It's actually quite simple. CO2 is well studied in the lab, so it is possible to say that at X concentration and Y temperature, the CO2 should radiate Z amount of heat into space. Similarly, it is easy to measure the amount of EUV absorption and compare it to the decrease of EUV in the last solar cycle. The amount CO2 radiates, plus the expected decrease from low solar radiation adds up to a number. Compare that number to the observed temperature and find that they do not match. Therefore, you can conclude that there are things at work you have not identified.
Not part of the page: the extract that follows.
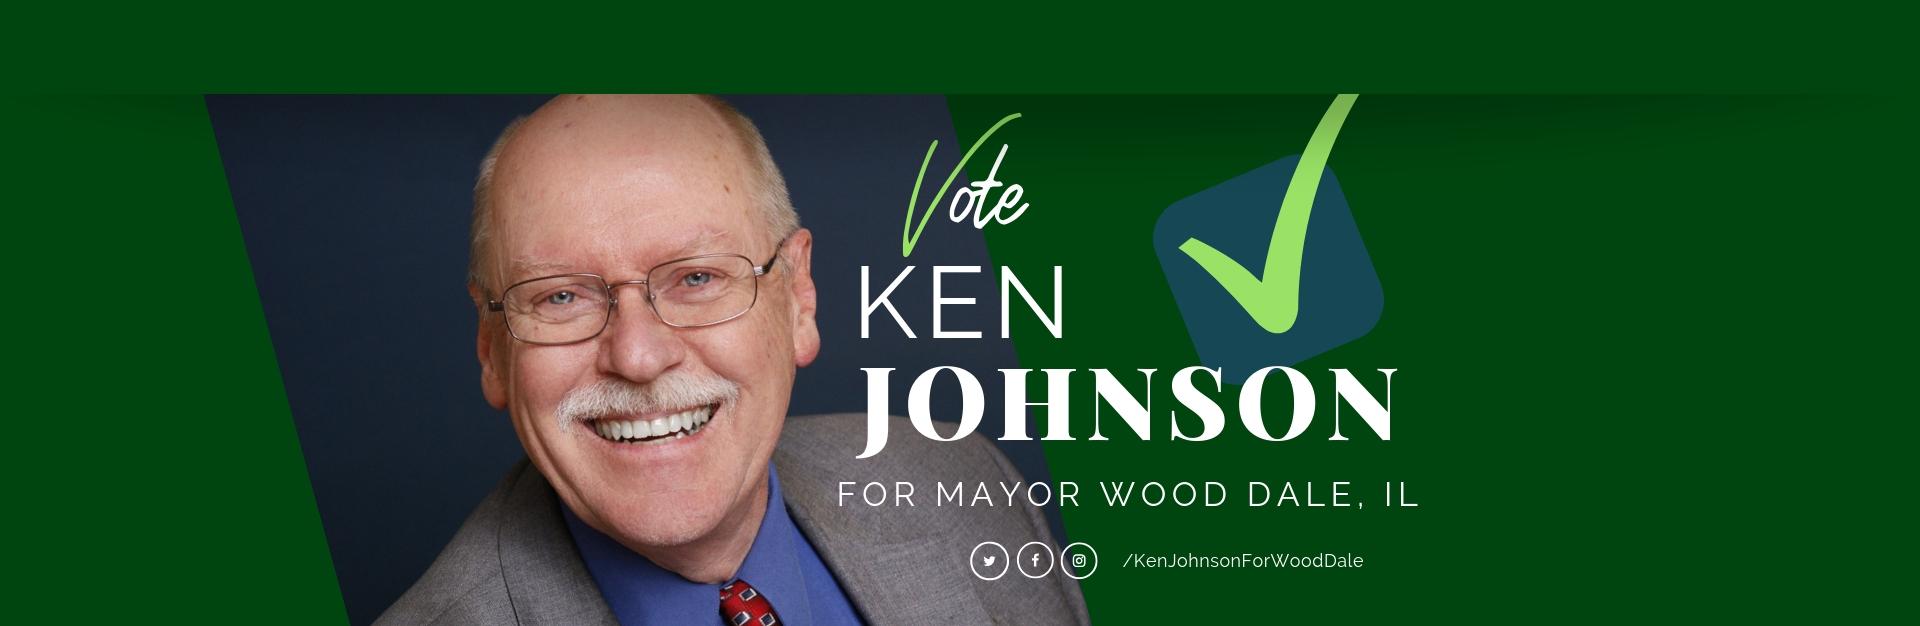 Kenneth-P-Johnson-for-Mayor-Wood-Dale-ILLINOIS-1.jpg
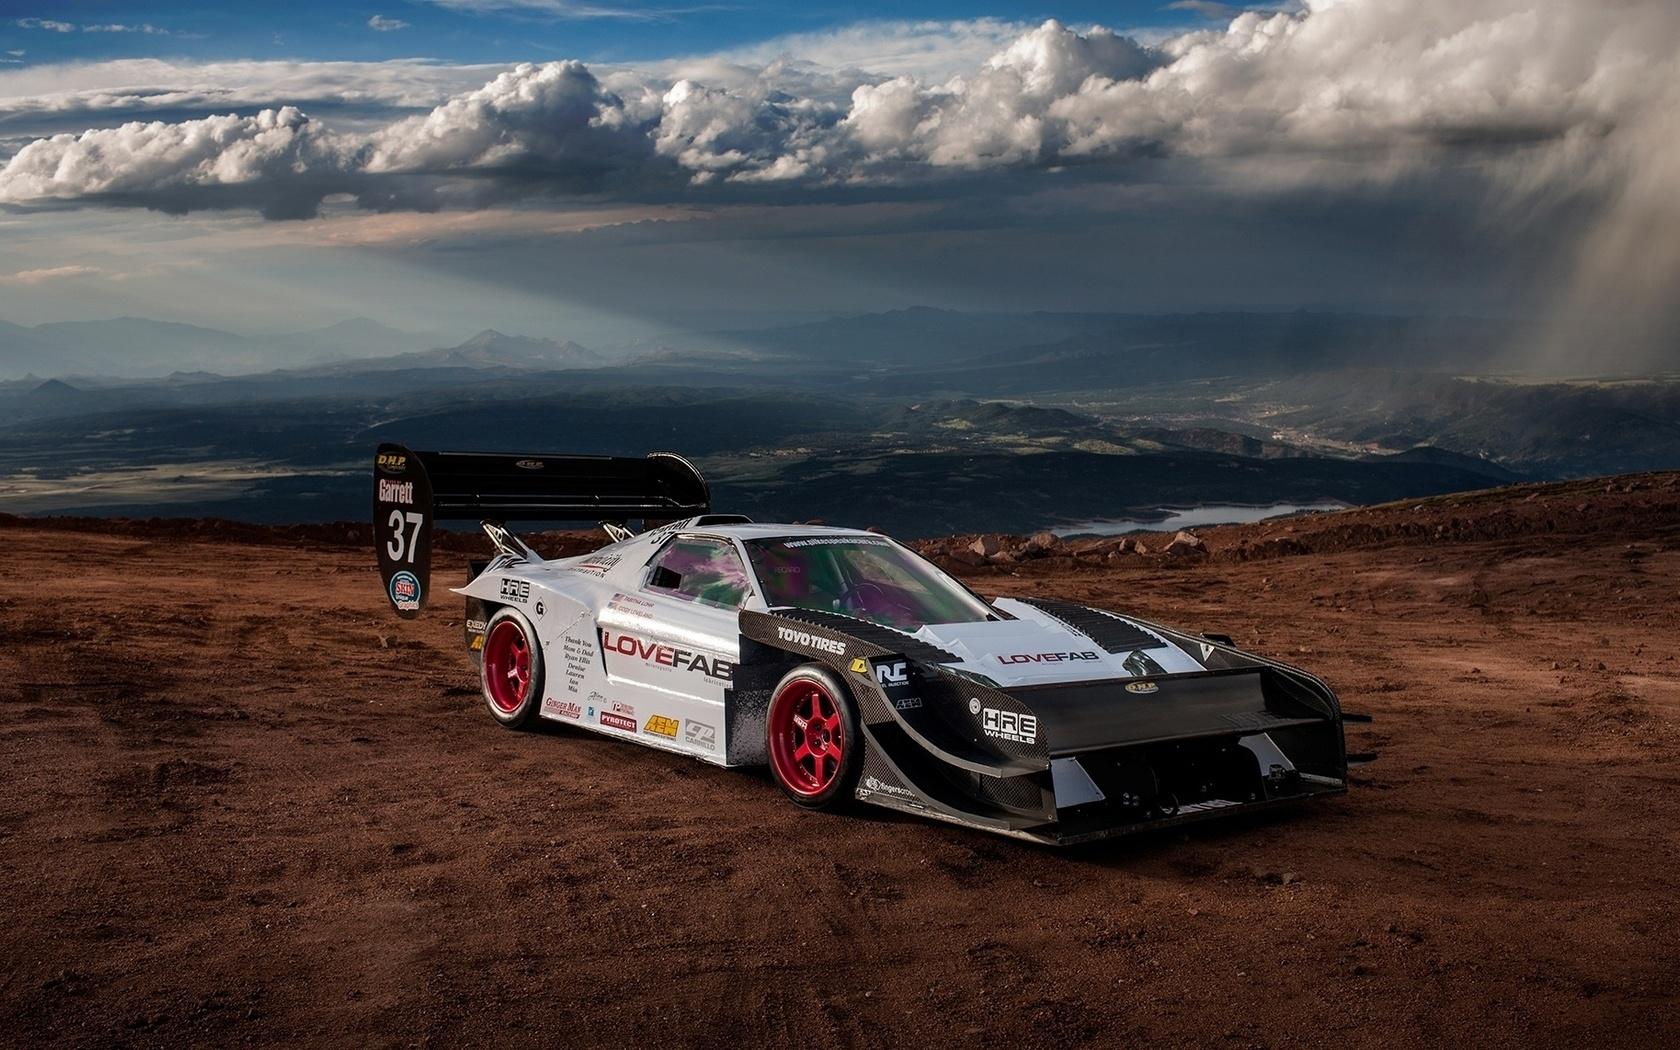 speedhunters, авто, закат, суперкар, япония, ралли, rally, honda, nsx

It's called science. No problem is ever known fully, and if it is, it's no longer science.
solrey
4.9 / 5 (8) Jul 15, 2010
This minimum really isn't comparable to previous minimums during the space age. The current solar minimum for an extended period of time has produced the lowest activity, across the board for all indices which is unprecedented during the time of the space age. Solar activity influences the upper atmosphere in more ways than just EUV. The fluctuations in the interplanetary magnetic field should produce electromagnetic induction in the free ions/electrons in the thermosphere. More rapid and stronger ongoing changes to the IMF should produce more inductive heating in the thermosphere in comparison to less heating produced during times of more quiescent IMF activity such as this current solar cycle. The Kp index probably has a better correlation to thermospheric temps than the EUV index. I suspect an electromagnetic induction effect might be what's unaccounted for.
bottomlesssoul
5 / 5 (1) Jul 15, 2010
As the atmosphere warms in the troposphere where we live it raises the height of the tropopause. The trapping will also cause a slightly reduced level of outgoing radiation. I know most of this is trapped in the troposphere and the 'pause' is the balance where incoming and outgoing IR balance. I wonder how much this residual effect if any contributes to this thermosphere observation.
rwinners
1.3 / 5 (6) Jul 16, 2010
Puzzlement! If space is HOT, how do our satellites actually exist there without frying their silicon brains? Just call me confused.
Shootist
1.7 / 5 (11) Jul 16, 2010
We are so heading for the next Maunder Minimum. Huzzah!
PinkElephant
4.6 / 5 (10) Jul 16, 2010
@rwinners,
Puzzlement! If space is HOT, how do our satellites actually exist there without frying their silicon brains? Just call me confused.
The gas molecules in the thermosphere pretty much *have to be* hot (i.e. having a lot of kinetic energy) in order to stay up there: otherwise, they'd just fall back down to earth. However, the key to your conundrum is the density of the gas molecules. When you're surrounded by a very hot, but very thin gas, you can still rapidly freeze to death by radiating your heat away faster than you can gain heat from the few hot molecules and atoms zipping around and occasionally hitting you.
Loodt
1.3 / 5 (14) Jul 16, 2010
PinkElephant, I am not convinced by your arguement, you cannot have these hotspots in outer space. The rogue hot molecules up there would have been measured by the men and sputniks in space, nothing published suggests hot molecules in the realms of the cold outer space.
ShotmanMaslo
3.4 / 5 (12) Jul 16, 2010
PinkElephant, I am not convinced by your arguement, you cannot have these hotspots in outer space. The rogue hot molecules up there would have been measured by the men and sputniks in space, nothing published suggests hot molecules in the realms of the cold outer space.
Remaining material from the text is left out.